Worcestershire Record No. 22 April 2007 p. 8

RECORDING WORCESTERSHIRE’S BREEDING BIRDS – UPDATE

Patrick Taylor

We have been collecting records for Worcestershire’s most threatened breeding birds (red-list and amber-list) since 2004. We are concentrating on declining species and we are only looking for records with some evidence of possible breeding (e.g. song, carrying nest material, feeding juveniles etc.).

The aim of the survey is to provide WBRC with potential breeding sites for all declining (red-list and amber-list) birds as part of the ecological data provided to local authorities and other clients. We have a simplified recording form concentrating on nine relatively easily identified species (included with this edition of Worcestershire Record) , however there is a more comprehensive form on the WBRC web site www.wbrc.org.uk

By this time last year, after two seasons of recording, my article in Worcestershire Record no.20 still painted a fairly dismal picture of our knowledge of breeding birds. However this seems to have encouraged more recorders to contribute, and with further help from the Vision Mapping Project, 2006 was a very successful year for recording breeding birds. By Worcestershire Record no.21 in November, we had increased our records fourfold to more than 1600 and I was able to show progress with some “before and after” maps. During the winter, further records have been received and we now have more than 1800 records. I haven’t reproduced updates for all of the maps but the overall species diversity maps comparing records received in April 2006 with records received now are reproduced side by side below.

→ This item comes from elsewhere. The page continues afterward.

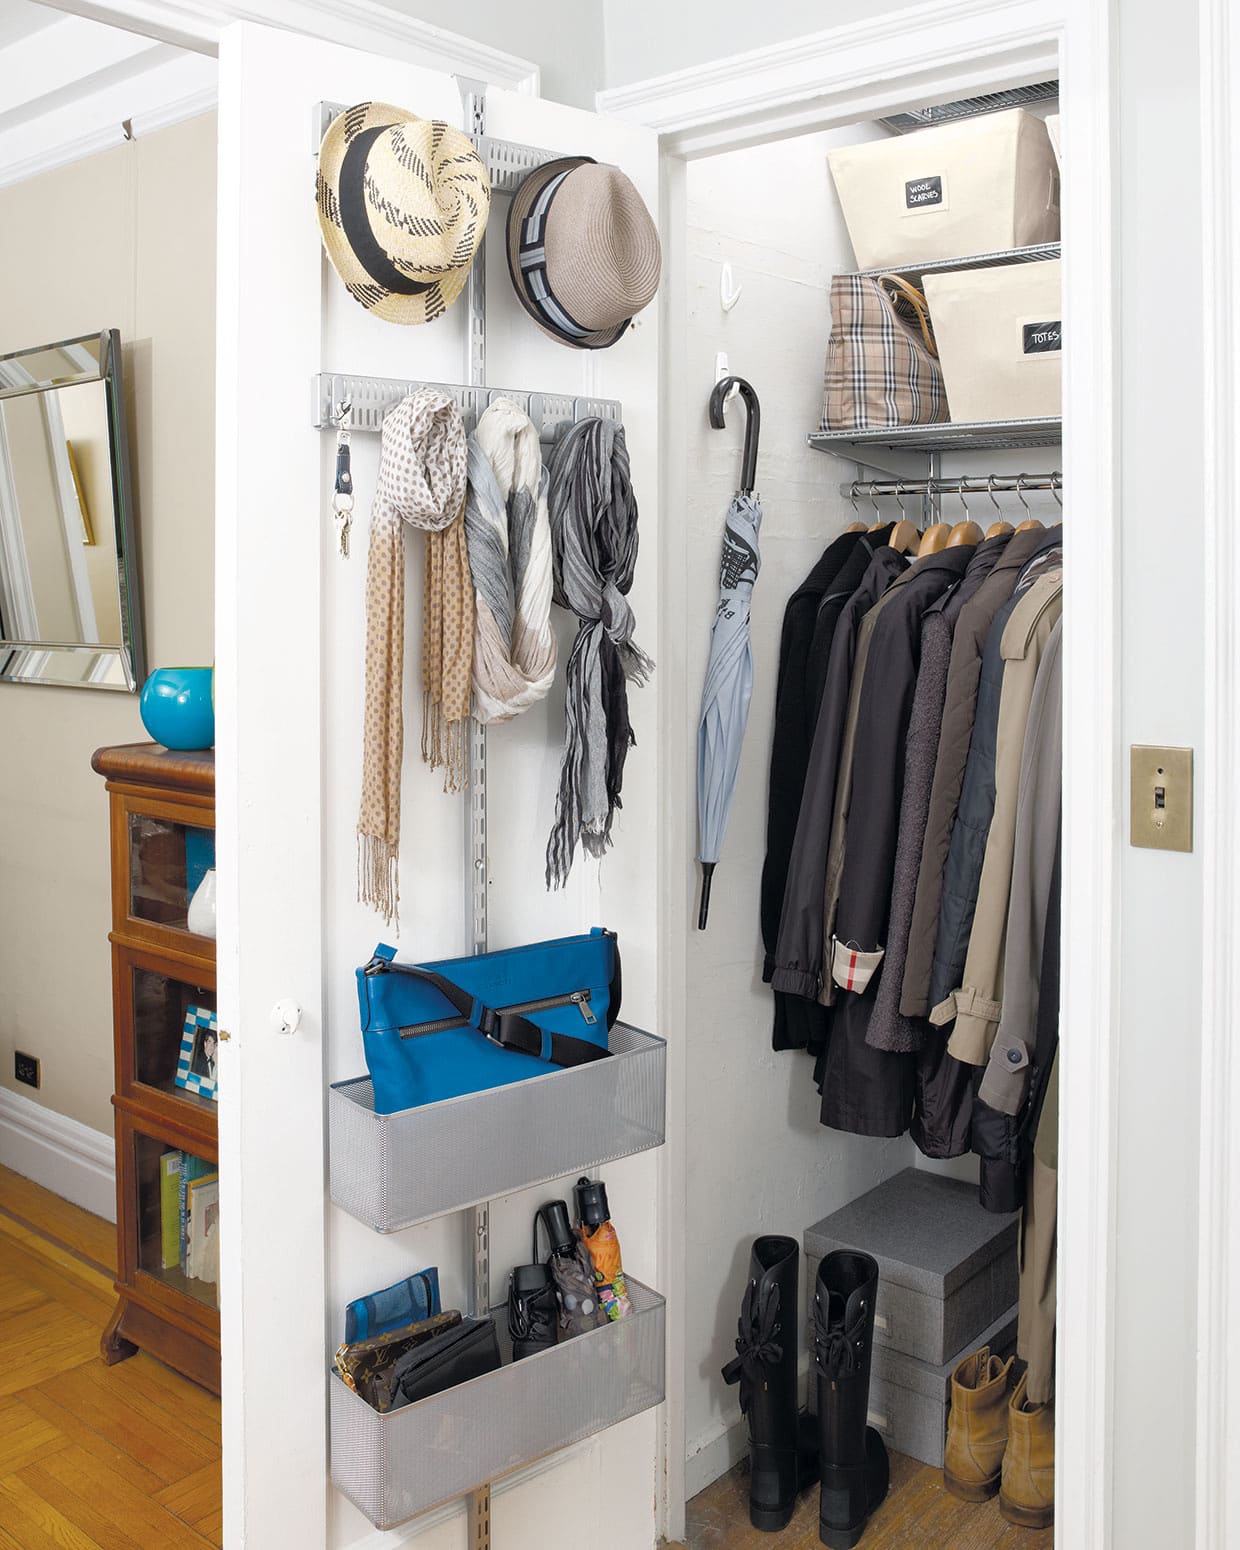 20 fascinating over the door storage ideas to put in your bag - 149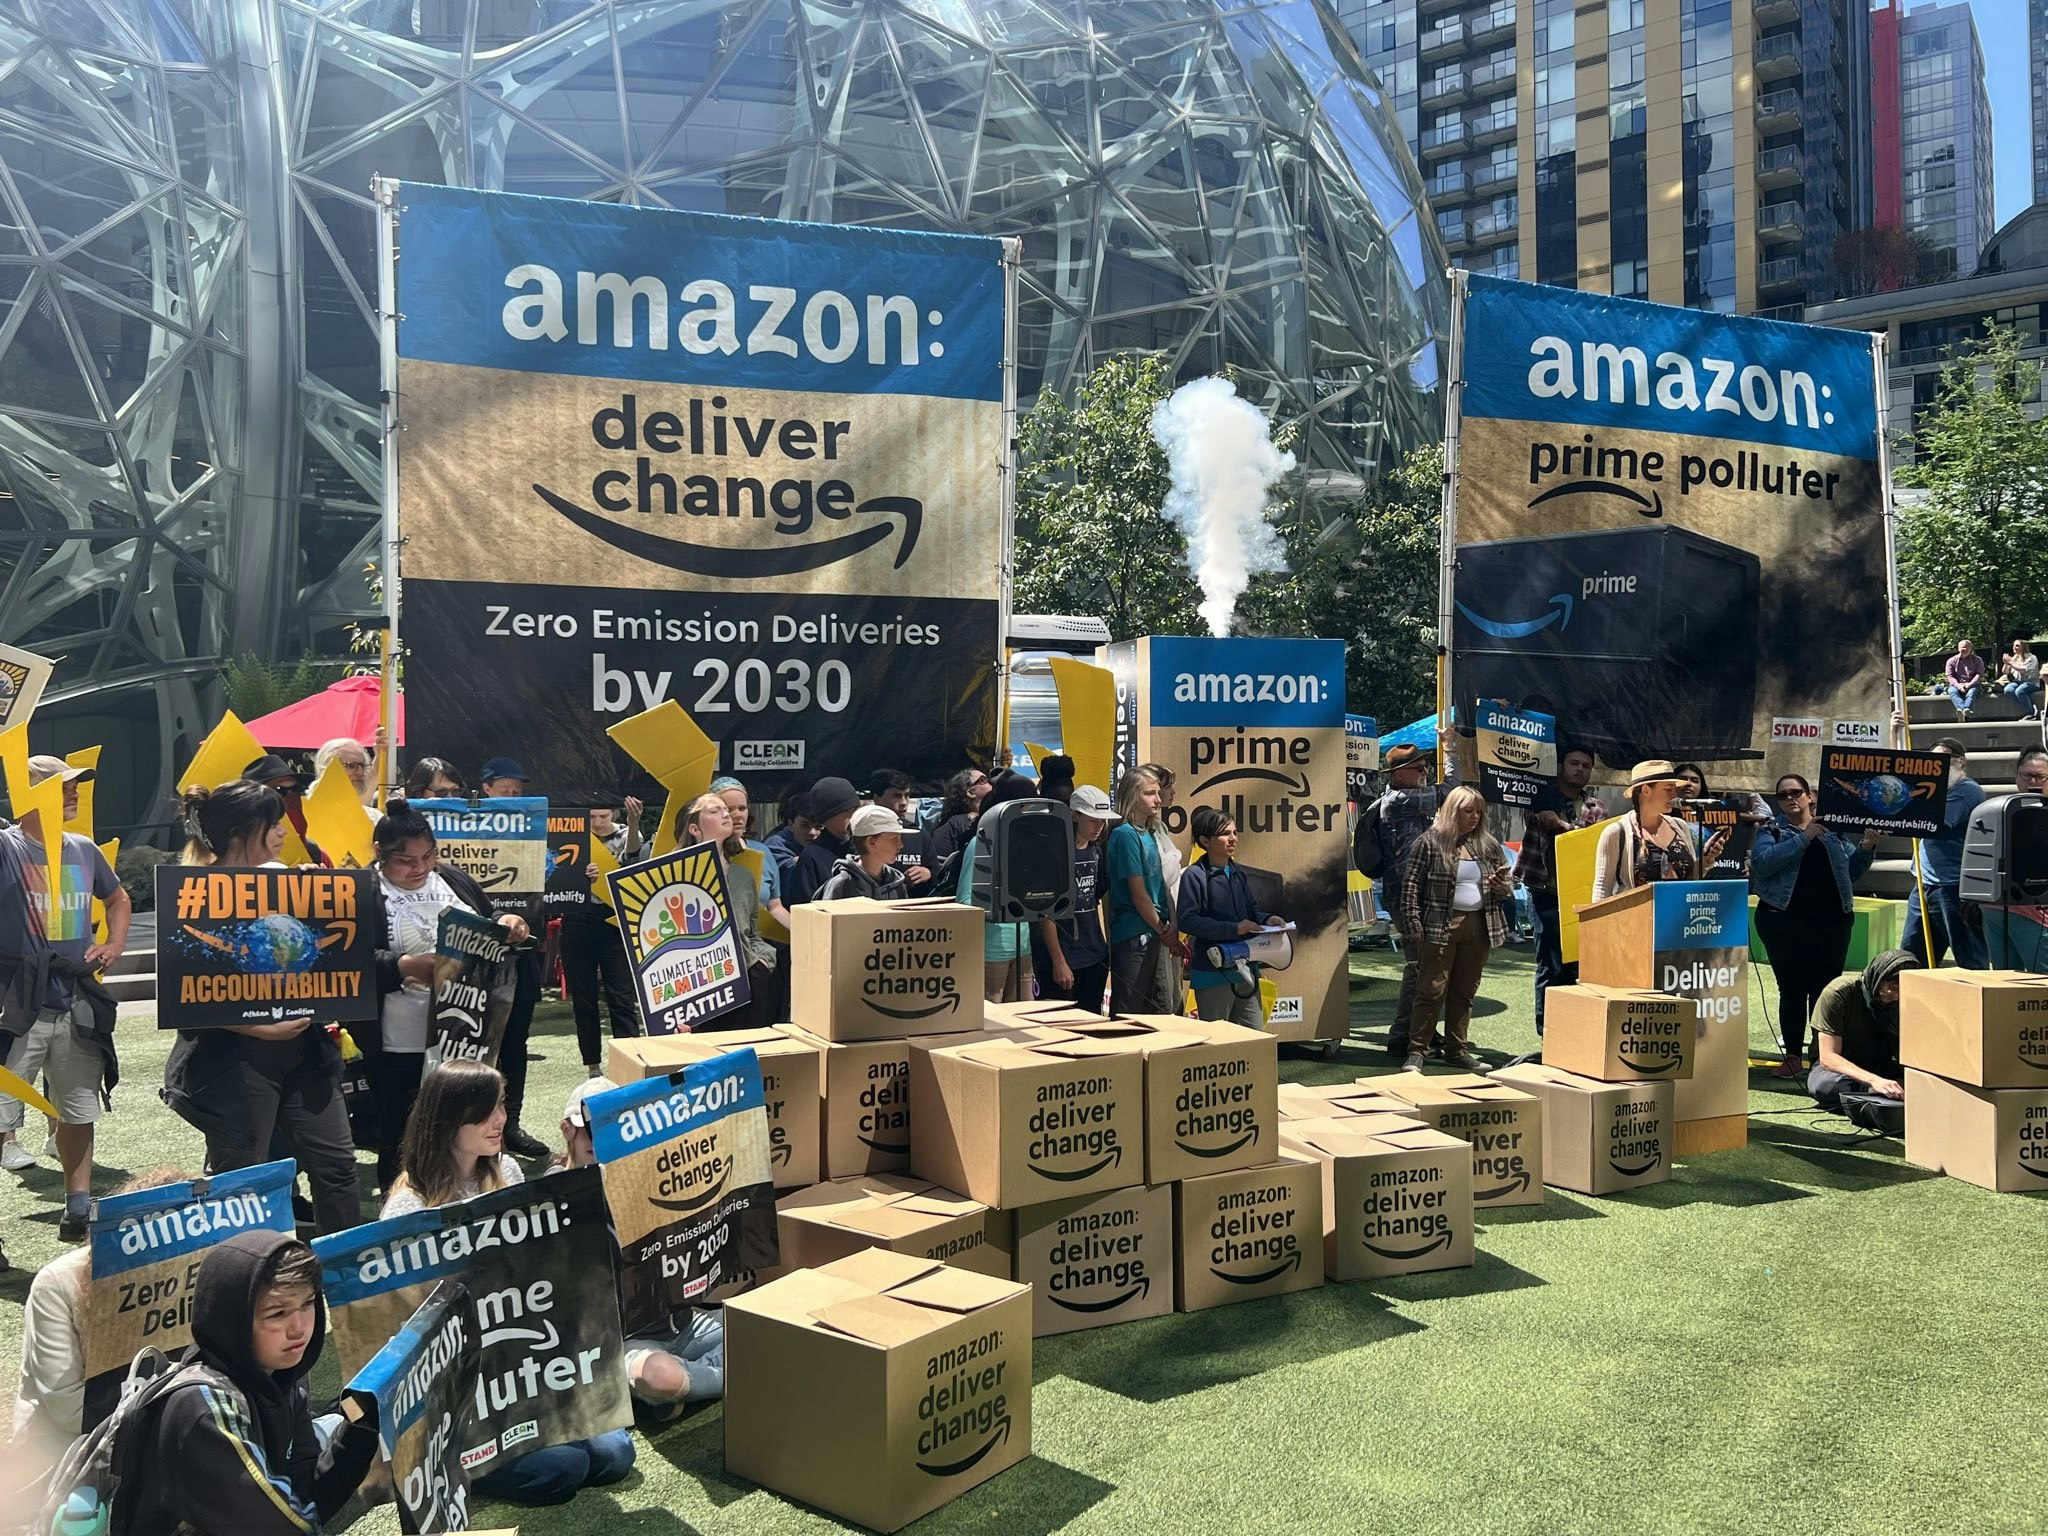 Amazon workers, Athena coalition, and allies rally at Amazon's Seattle HQ holding signs demand climate action and accountability.

There are still swathes of Worcestershire with no records at all, and still more with just one or two species. There are certainly a few squares with none of the target species present, but there is no doubt we need a lot more records. Also, it must be remembered that this is not a distribution atlas – we need to know about all sites within the square – the maps are just a way of reporting progress in the early stages.

WE STILL NEED MORE RECORDS!

Every record needs to include:

Species
Date
Grid Reference
Nearest place name on OS map
Activity Code (some evidence of breeding)
Your contact details

Ideally, we would prefer forms to be submitted by email – forms can be downloaded from www.wbrc.org.uk and records should be returned to birdrecords@wbrc.org.uk

If you prefer paper, we will still accept your records by post to WBRC at Lower Smite Farm (see back cover for full postal address).

If you have records from previous seasons (back to 2004) it is never too late to submit them!

As you read this, we are already well into the breeding season (we define the breeding season as 1st April – 31st July) so please start recording!